In Fb 2.1 - and we assume your database was created under Fb 2.1 - the identifiers are stored as UTF-8. It looks as though Flamerobin might have done the mangling, by re-transliterating the ISO8859_1 input to UNICODE_FSS, which is the charset used for identifiers prior to v.2.1.

>I'm more or less guessing, but I suspect this is a but in FB. Can anyone
>please take a look, perhaps using a different client than FlameRobin?

Why can't you test it yourself, using isql? That removes the issues of your input setup with a graphical interface operating under your conditions and also highlights those same issues for your application development, if you are developing a graphical interface. Other people can't reproduce your conditions.

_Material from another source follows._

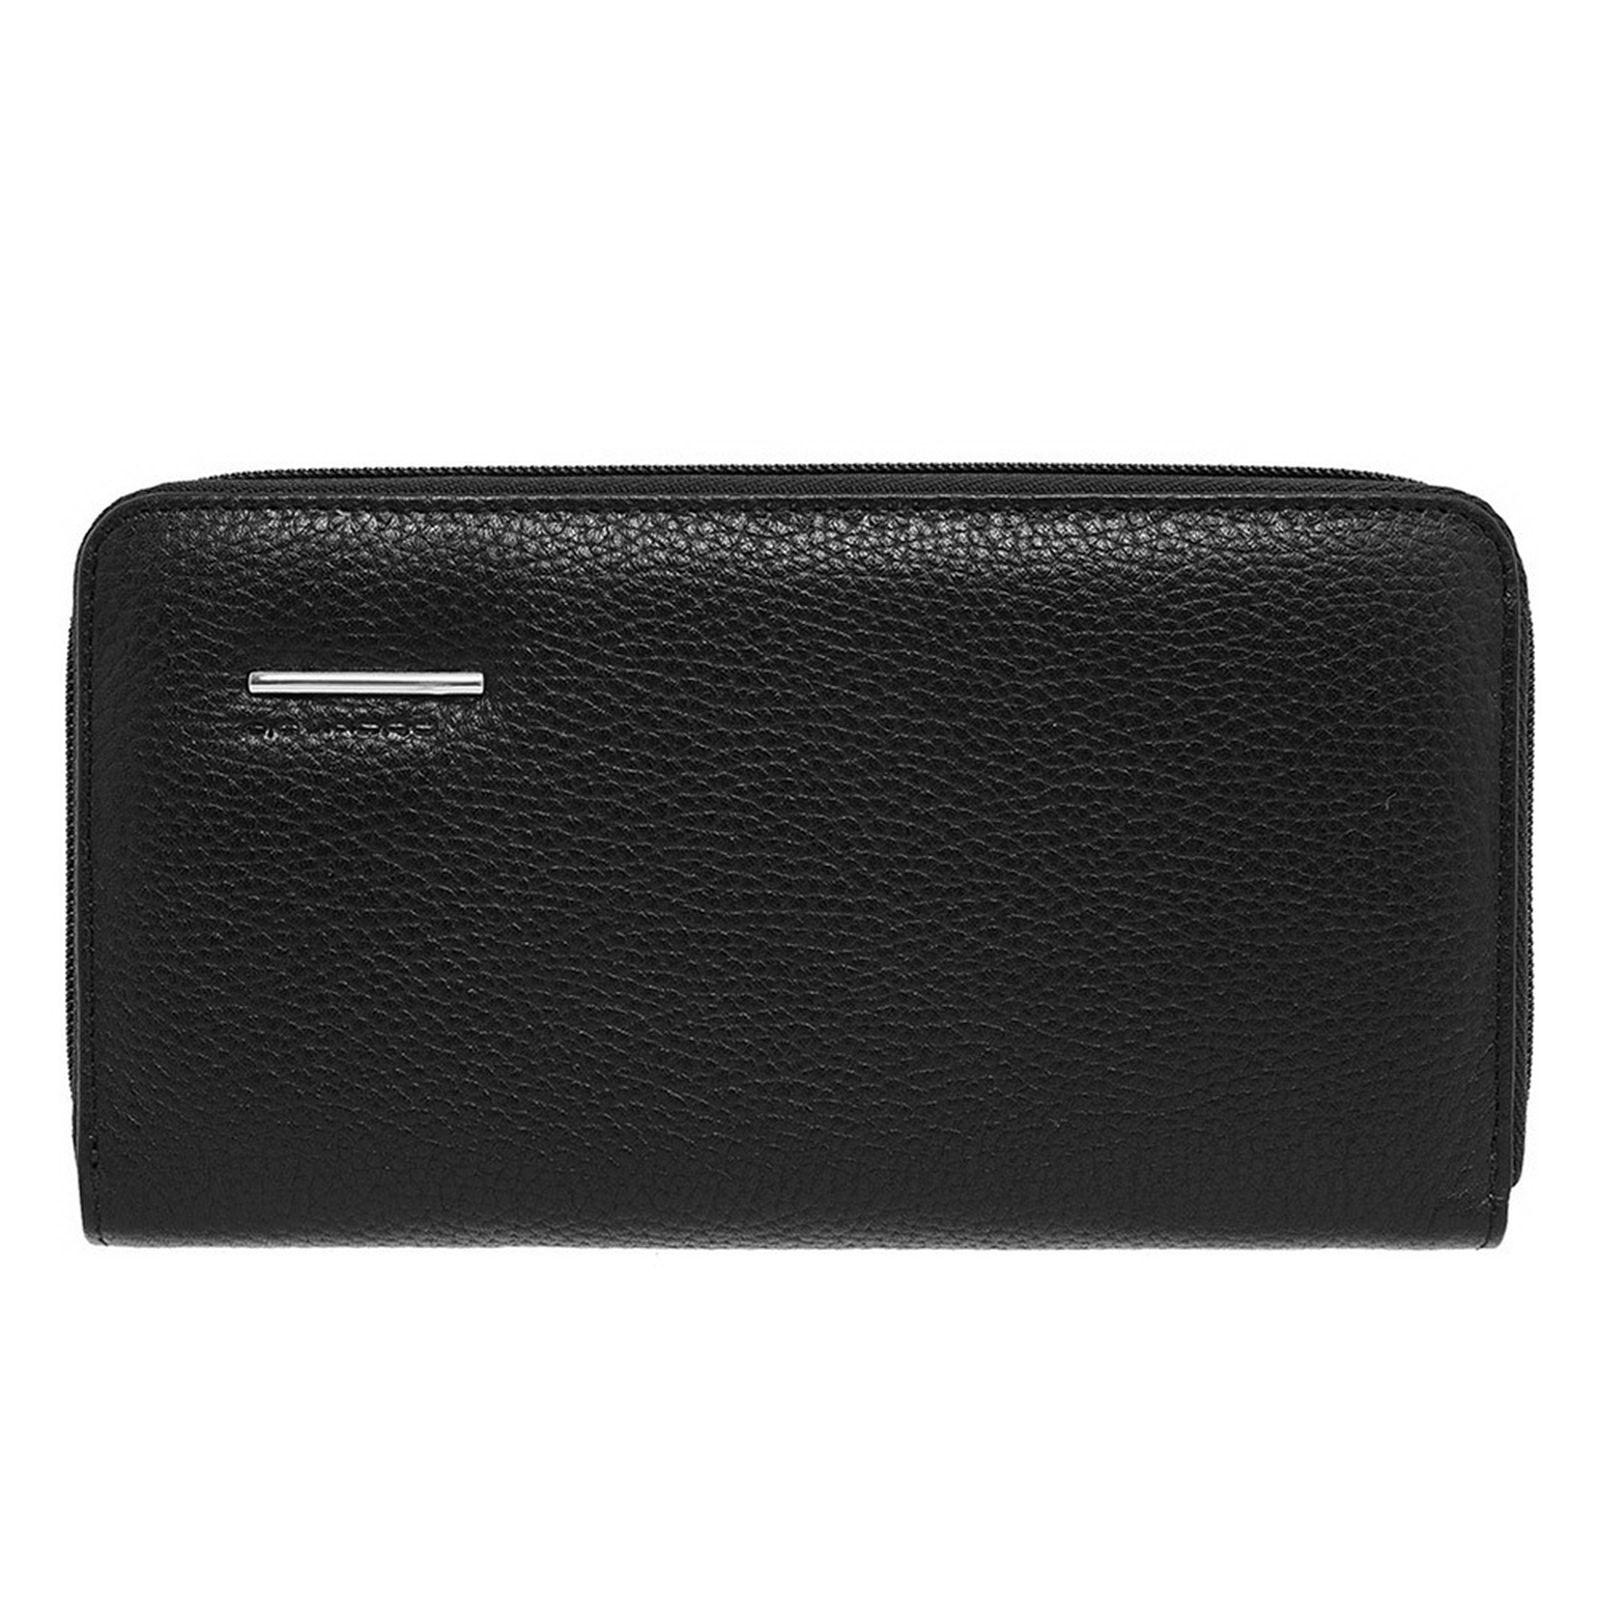 2f0341f50c10 Портмоне Piquadro Modus, цвет черный, 19x10x2,2 см (PD1515MO/N ...

You do need to do SET NAMES ISO8859_1 to set the correct charset for the client. If you get the same effect with isql in your environment then it would be worthwhile posting a Tracker report.

>I suspect that FB fails to transliterate the check constraint "body"
>before "compiling" it to BLR(?) upon commit.

Fb should transliterate the input for data and metadata appropriately, as long as it is getting the correct information about the input. So the acid-test here will be to see what isql does. You are going to bump into related problems if you attempt to run scripts that were created with an editor that stores text in a charset other than UTF8; or if you're using a database you pulled forward from an older Fb version without doing the metadata conversion.

>If that's what's happening, is it a bug or by design?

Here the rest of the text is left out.